Our auto insurance rates in B.C. have for years papered over particular disparities among drivers. Under the previous government we had a system of relative kumbaya on rates for political purposes, and the insurer has been pillaged to fortify the province’s balance sheet.

The BC NDP government inherited the unsustainable financials and is making an effort to bring a more rational system to the Insurance Corp. of British Columbia (ICBC). But the surgical fix is more radical than micro, as was evident in the filing last week to the BC Utilities Commission (BCUC) for rate revamping. The joy ride is over.

While pockets of the province will find some near-term relief – parts of the North, for instance – sticker shock is headed to the Lower Mainland and Vancouver Island.

Any relief, indeed, is only a temporary licence. What is evident in the BCUC filing is that almost everyone will face higher rates in the decade ahead, even if there is some short-term easing on some drivers.

The province’s attorney general, David Eby, has the unenviable task of selling these rate changes to the public, and he earned some demerit points last week by trying to put lipstick on the pig. He would have done far better to level with us on the true task at hand than to claim there will be winners among the losers.

No, it’s time to realize that we will be paying the piper.

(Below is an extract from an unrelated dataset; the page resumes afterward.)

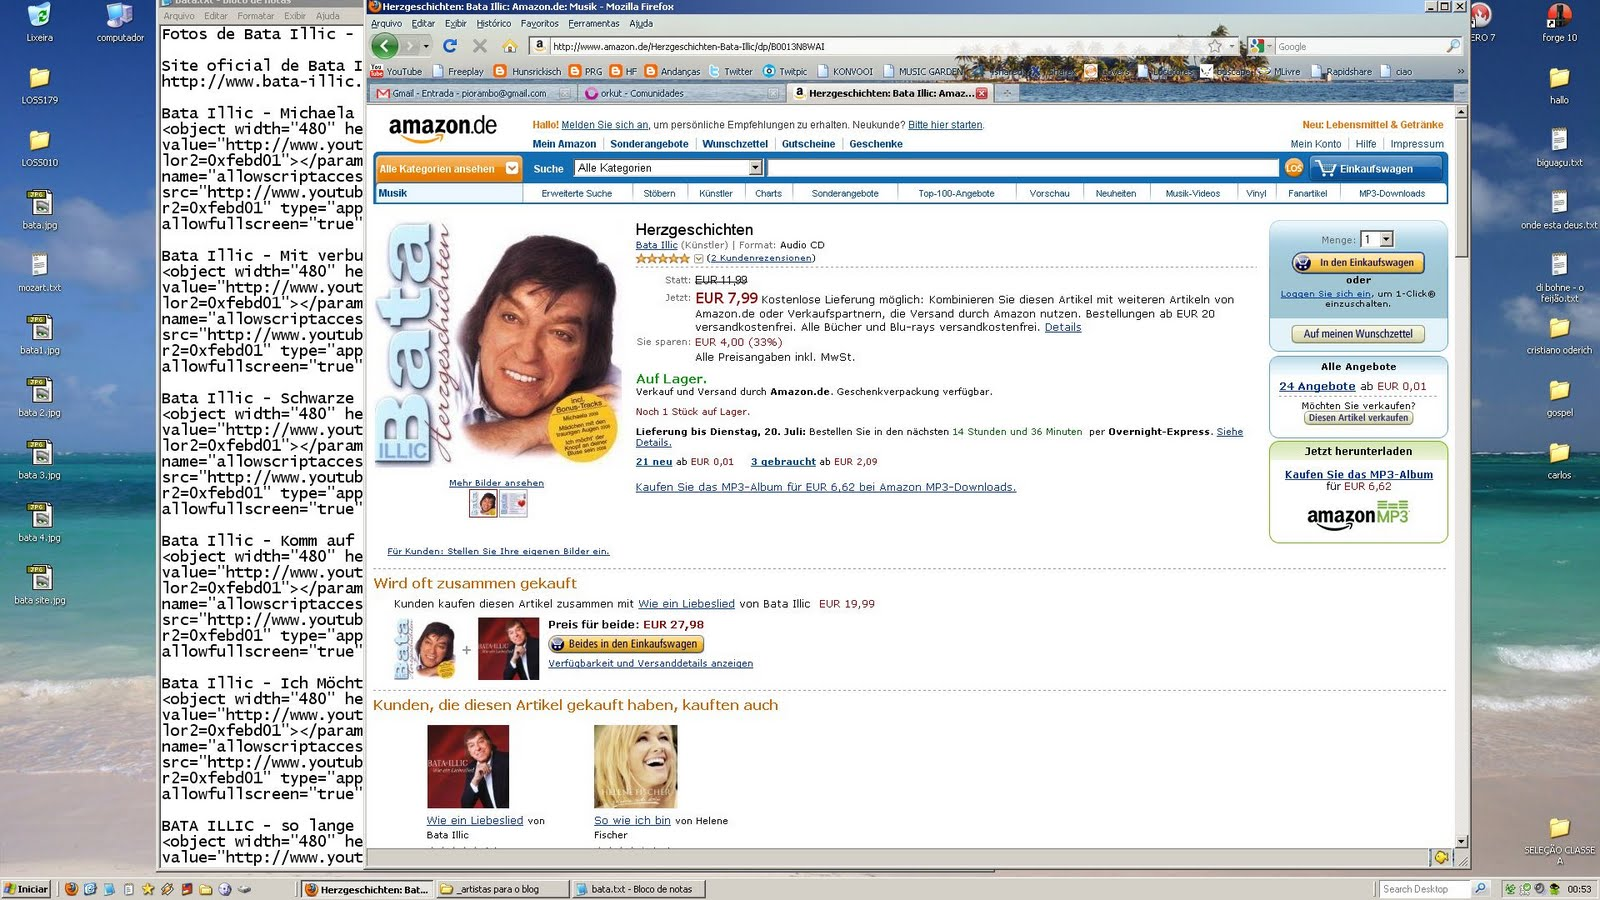 http://3.bp.blogspot.com/_Ngornze07jY/TEPPDX3ob0I/AAAAAAAADCM/IGV6Hmq3m9w/s1600/bata+kaufen.jpg

And paying and paying. Problem is, for the populous Lower Mainland, there are inadequate transit alternatives that might mitigate the gradual exposure to increased expenses to insure what remains in many instances a necessary vehicle. Like the ICBC do-over, we have waited far too long to get the necessary infrastructure to entice us to leave our cars behind. And the bills will come due before the improvements.

To wit: couple that infrastructure inertia with inevitable (that is, post-election) mobility pricing and the current and permanent onerous tax on gas and we will soon have the most expensive driving in North America.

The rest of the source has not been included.